5.4. Removing a service from the control plane

You can completely remove a service and the service database from the control plane after deployment by disabling the service. Many services are enabled by default, which means that the OpenStack Operator creates resources such as the service database and Identity service (keystone) users, even if no service pod is created because replicas is set to 0.

Warning

Remove a service with caution. Removing a service is not the same as stopping service pods. Removing a service is irreversible. Disabling a service removes the service database and any resources that referenced the service are no longer tracked. Create a backup of the service database before removing a service.

Procedure

  1. Open the OpenStackControlPlane CR file on your workstation.
  2. Locate the service you want to remove from the control plane and disable it:

      cinder:
        enabled: false
        apiOverride:
          route: {}
          ...
  3. Update the control plane:

    $ oc apply -f openstack_control_plane.yaml -n openstack
  4. Wait until RHOCP removes the resource related to the disabled service. Run the following command to check the status:

    $ oc get openstackcontrolplane -n openstack
    NAME 							STATUS 	MESSAGE
    openstack-control-plane 	Unknown 	Setup started

    The OpenStackControlPlane resource is updated with the disabled service when the status is "Setup complete".

    Tip

    Append the -w option to the end of the get command to track deployment progress.

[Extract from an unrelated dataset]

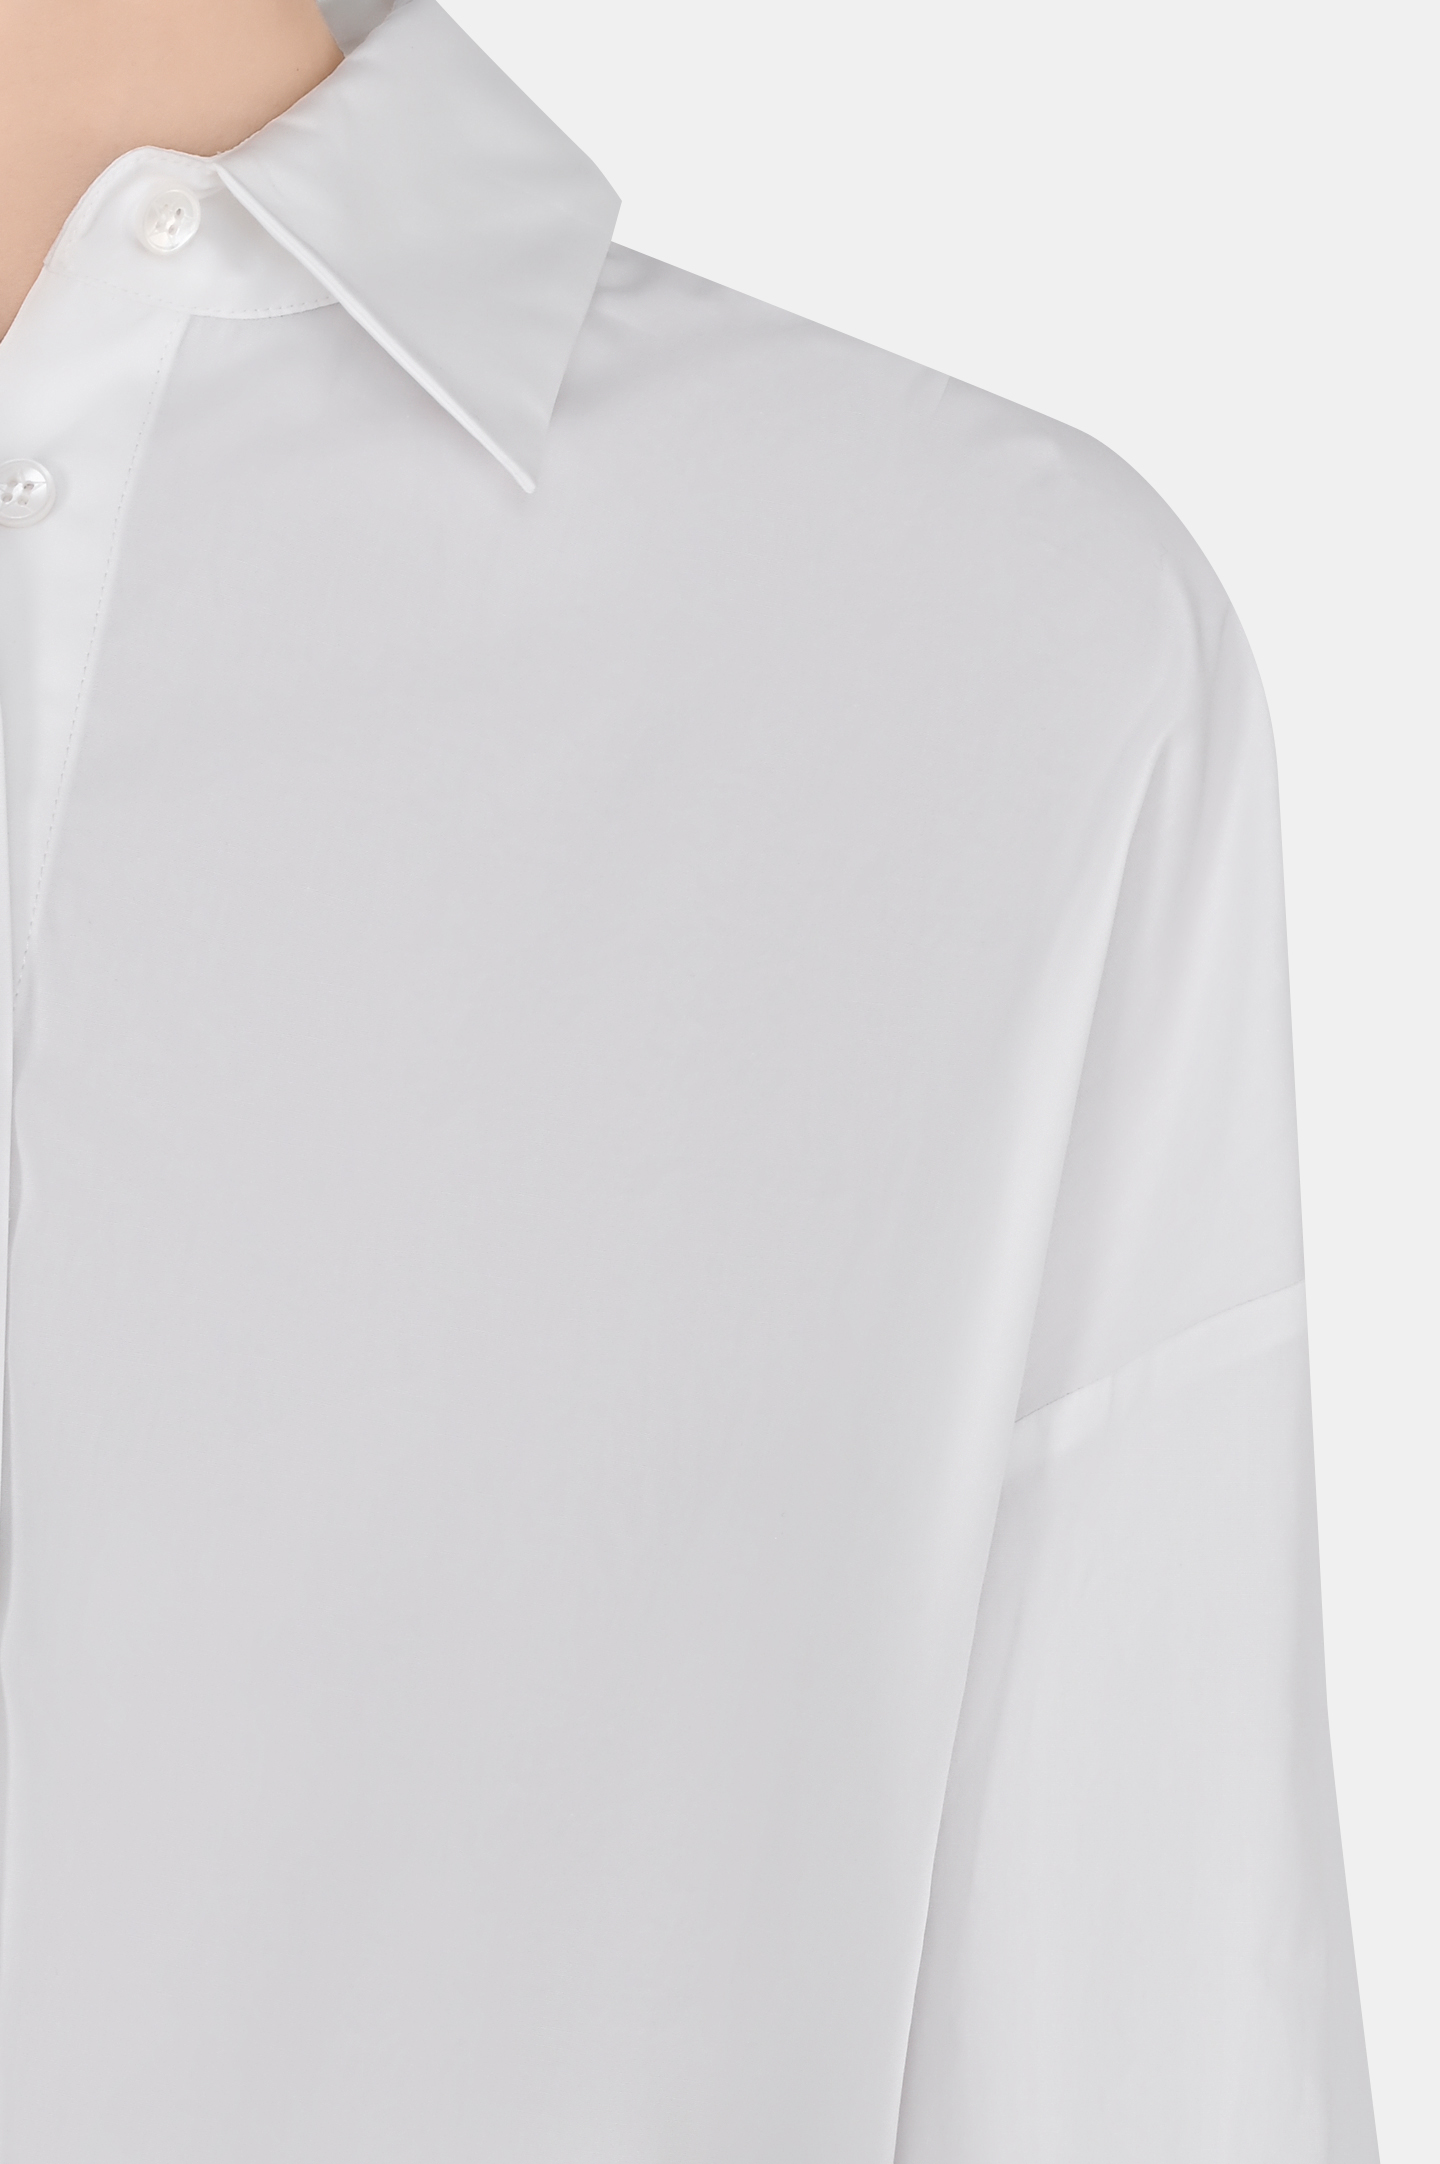 Рубашка LORENA ANTONIAZZI A2211CA01A, цвет: Белый, Женский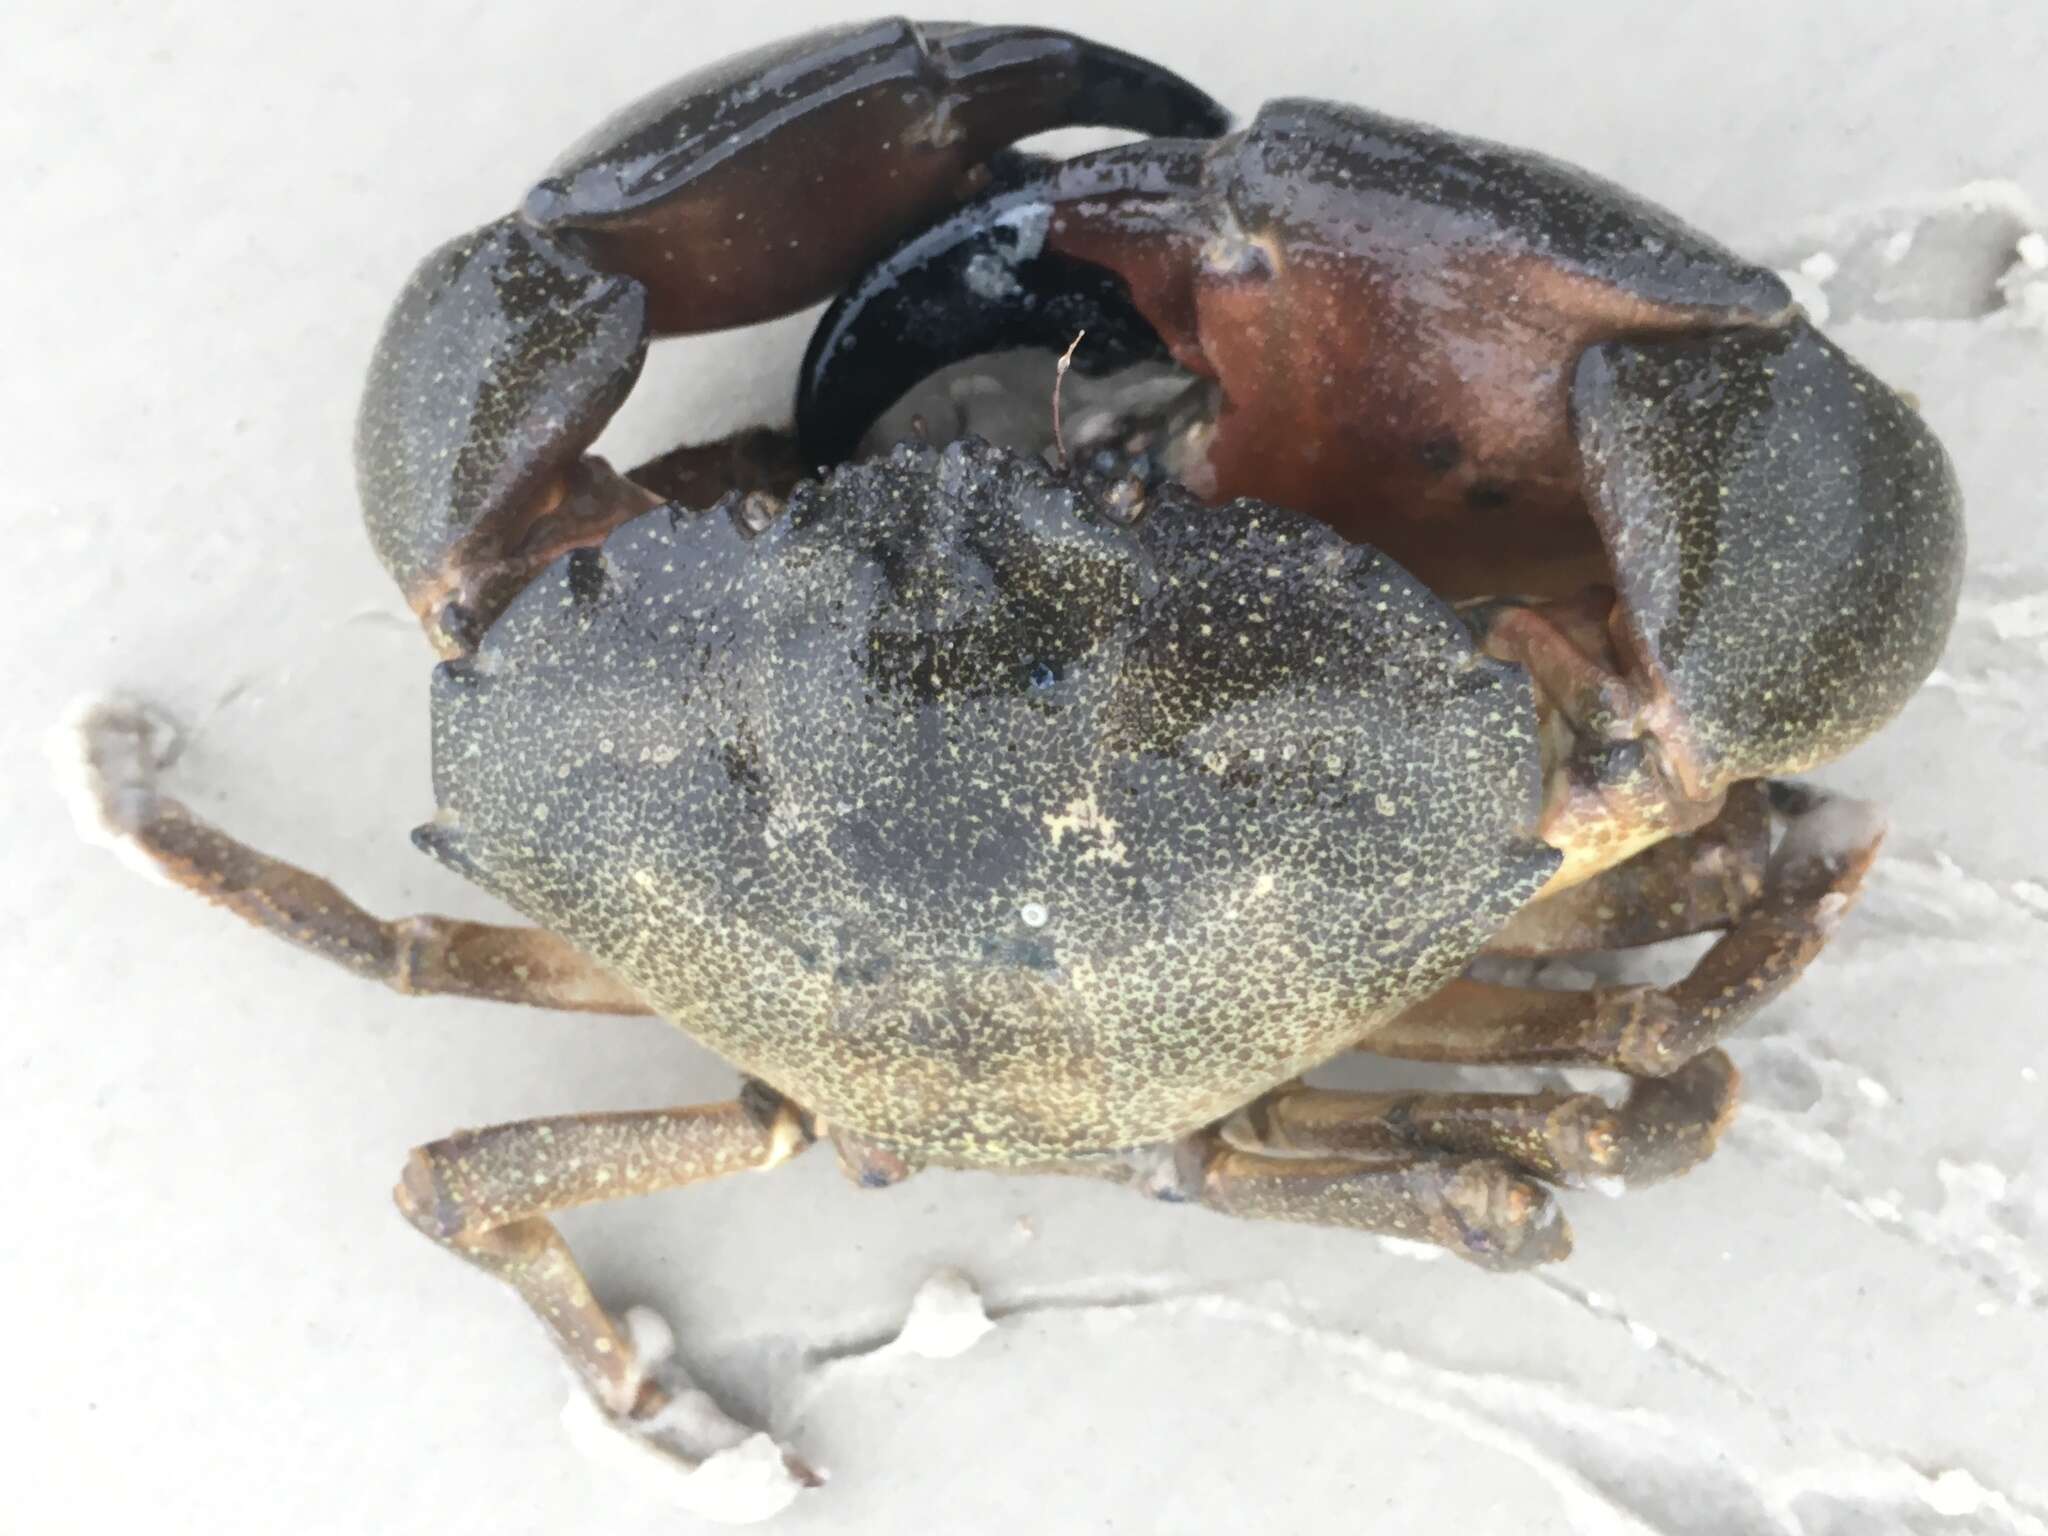 Image of Gulf stone crab

  5. Optional: Confirm that the pods from the disabled service are no longer listed by reviewing the pods in the openstack namespace:

    $ oc get pods -n openstack
  6. Check that the service is removed:

    $ oc get cinder -n openstack

    This command returns the following message when the service is successfully removed:

    No resources found in openstack namespace.
  7. Check that the API endpoints for the service are removed from the Identity service (keystone):

    $ oc rsh -n openstack openstackclient
    $ openstack endpoint list --service volumev3

    This command returns the following message when the API endpoints for the service are successfully removed:

    No service with a type, name or ID of 'volumev3' exists.

You can deploy a Red Hat OpenStack Services on OpenShift (RHOSO) data plane with a routed spine-leaf network topology.

The RHOSO data plane consists of RHEL 9.4 or 9.6 nodes. Use the OpenStackDataPlaneNodeSet custom resource definition (CRD) to create the custom resources (CRs) that define the nodes and the layout of the data plane. An OpenStackDataPlaneNodeSet CR is a logical grouping of nodes of a similar type.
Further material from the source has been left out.